In "The Fixation of Belief" (1877), C.S. Peirce denied that introspection and intuition (staple philosophical tools at least since Descartes) were valid methods for philosophical investigation. He argued that intuition could lead to faulty reasoning, e.g. when we reason intuitively about infinity. Furthermore, introspection does not give privileged access to knowledge about the mind - the self is a concept that is derived from our interaction with the external world and not the other way around. (De Waal 2005, pp. 7-10) By the time of his Harvard Lectures in 1903, however, he had become convinced that pragmatism and epistemology in general could not be derived from principles of psychology: what we do think is too different from what we should think. This is an important point of disagreement with most other pragmatists, who advocate a more thorough naturalism and psychologism.
Richard Rorty expanded on these and other arguments in Philosophy and the Mirror of Nature in which he criticized attempts by many philosophers of science to carve out a space for epistemology that is entirely unrelated to - and sometimes thought of as superior to - the empirical sciences. W.V. Quine, instrumental in bringing naturalized epistemology back into favor with his essay Epistemology Naturalized (Quine 1969), also criticized 'traditional' epistemology and its "Cartesian dream" of absolute certainty. The dream, he argued, was impossible in practice as well as misguided in theory because it separates epistemology from scientific inquiry.
The reconciliation of anti-skepticism and fallibilism
Hilary Putnam suggests that the reconciliation of antiskepticism and fallibilism is the central goal of American pragmatism. Although all human knowledge is partial, with no ability to take a 'God's-eye-view,' this does not necessitate a globalized skeptical attitude. Peirce insisted that contrary to Descartes' famous and influential methodology in the Meditations on First Philosophy, doubt cannot be feigned or created for the purpose of conducting philosophical inquiry. Doubt, like belief, requires justification. It arises from confrontation with some specific recalcitrant matter of fact (which Dewey called a 'situation'), which unsettles our belief in some specific proposition. Inquiry is then the rationally self-controlled process of attempting to return to a settled state of belief about the matter. Note that anti-skepticism is a reaction to modern academic skepticism in the wake of Descartes. The pragmatist insistence that all knowledge is tentative is actually quite congenial to the older skeptical tradition.
Pragmatism in other fields of philosophy
While pragmatism started out simply as a criterion of meaning, it quickly expanded to become a full-fledged epistemology with wide-ranging implications for the entire philosophical field. Pragmatists who work in these fields share a common inspiration, but their work is diverse and there are no received views.
Philosophy of science
In the philosophy of science, instrumentalism is the view that concepts and theories are merely useful instruments whose worth is measured not by whether the concepts and theories somehow mirror reality, but by how effective they are in explaining and predicting phenomena. Instrumentalism does not state that truth doesn't matter, but rather provides a specific answer to the question of what truth and falsity mean and how they function in science.

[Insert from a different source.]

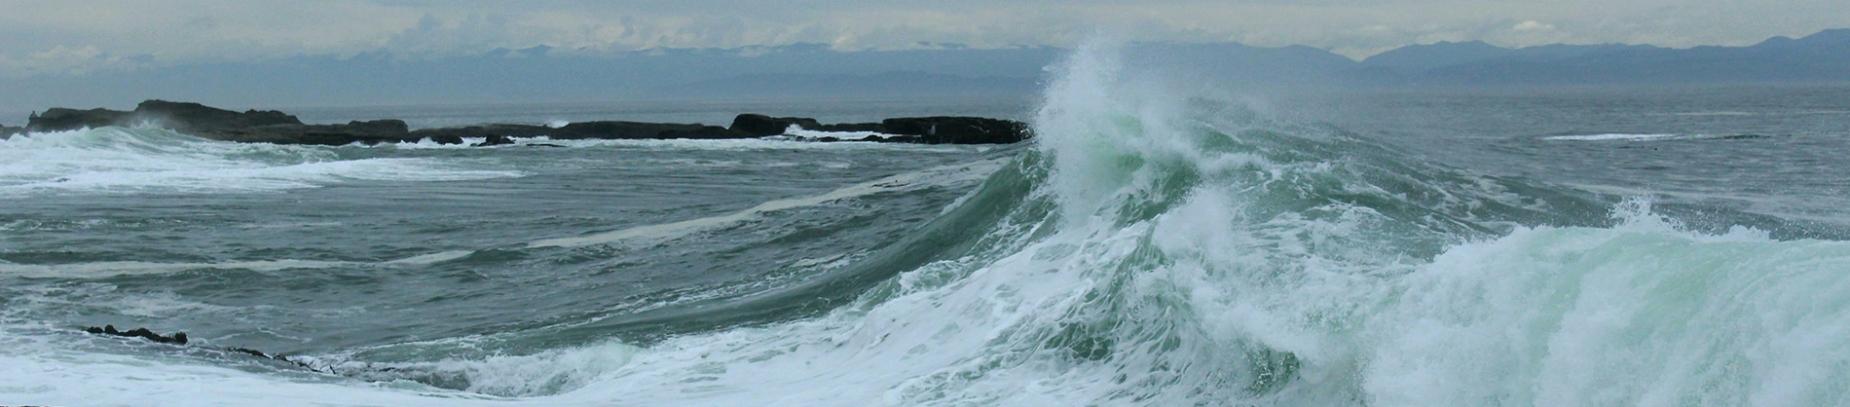 A wave crashing into the shore
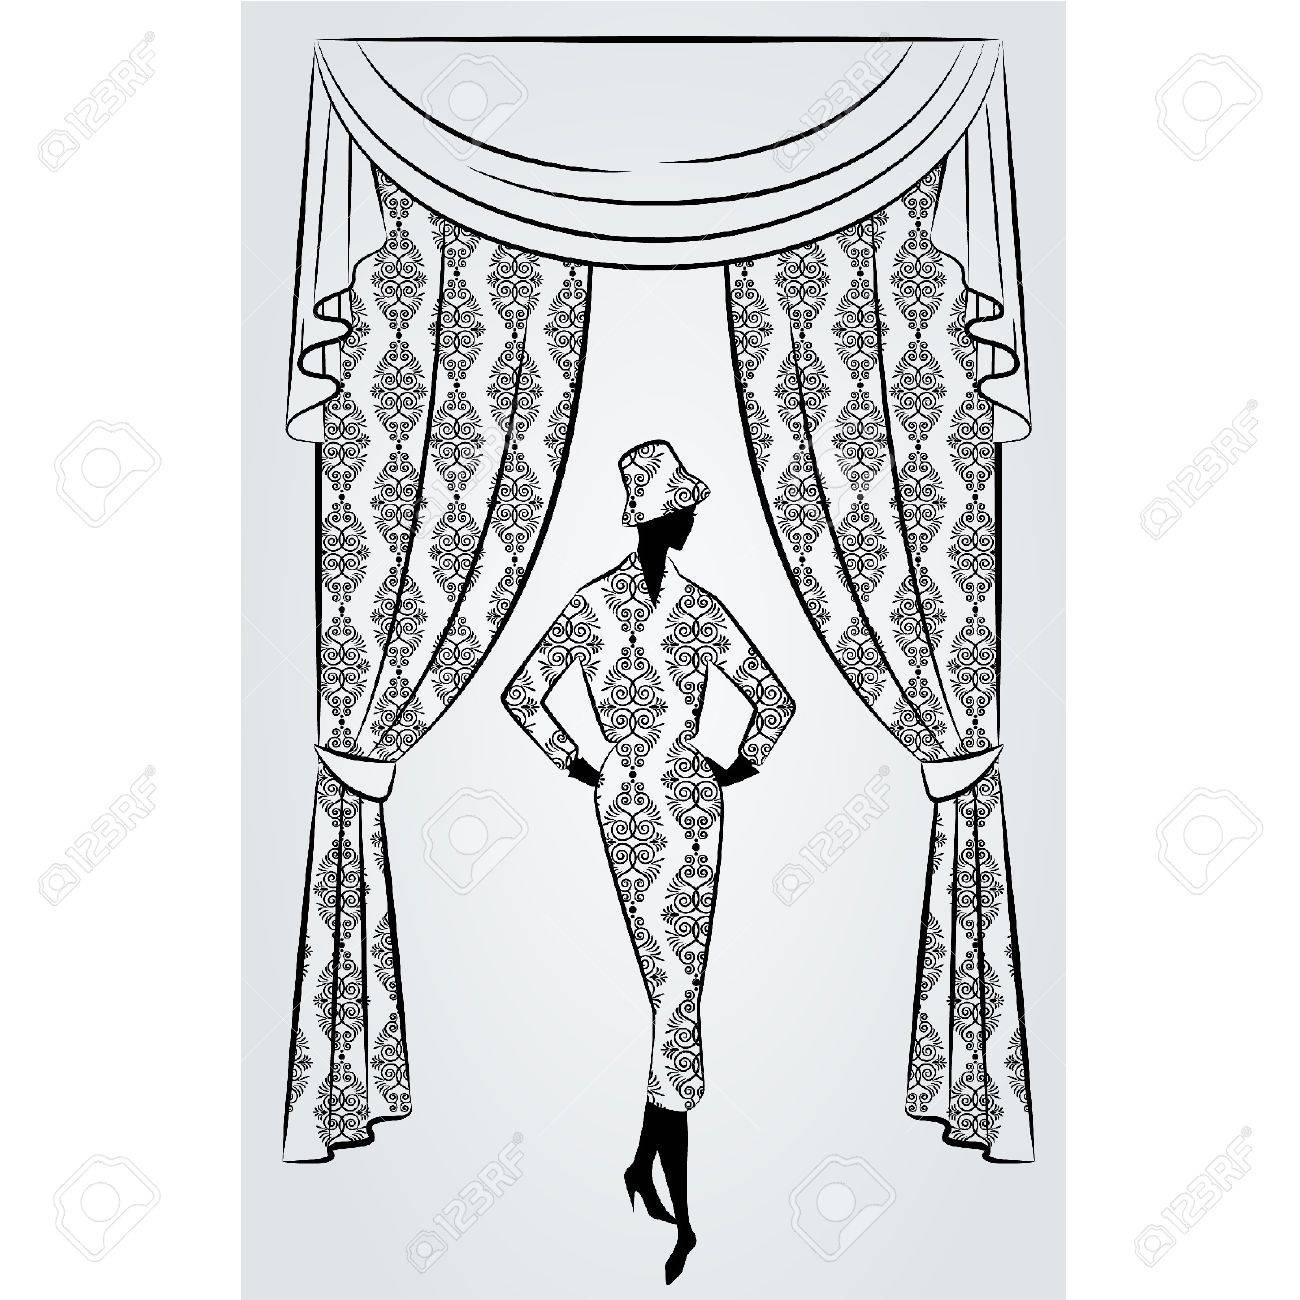 Y cortinas en casa decoración interior de la silueta (Interior de la casa decoración, interior cortinas en casa)

One of C.I. Lewis' main arguments in Mind and the World Order: Outline of a Theory of Knowledge was that science does not merely provide a copy of reality but must work with conceptual systems and that those are chosen for pragmatic reasons, that is, because they aid inquiry. Lewis' own development of multiple modal logics is a case in point. Lewis is sometimes called a 'conceptual pragmatist' because of this. (Lewis 1929)
Another development is the cooperation of logical positivism and pragmatism in the works of Charles W. Morris and Rudolph Carnap. The influence of pragmatism on these writers is mostly limited to the incorporation of the pragmatic maxim into their epistemology. Pragmatists with a broader conception of the movement don't often refer to them.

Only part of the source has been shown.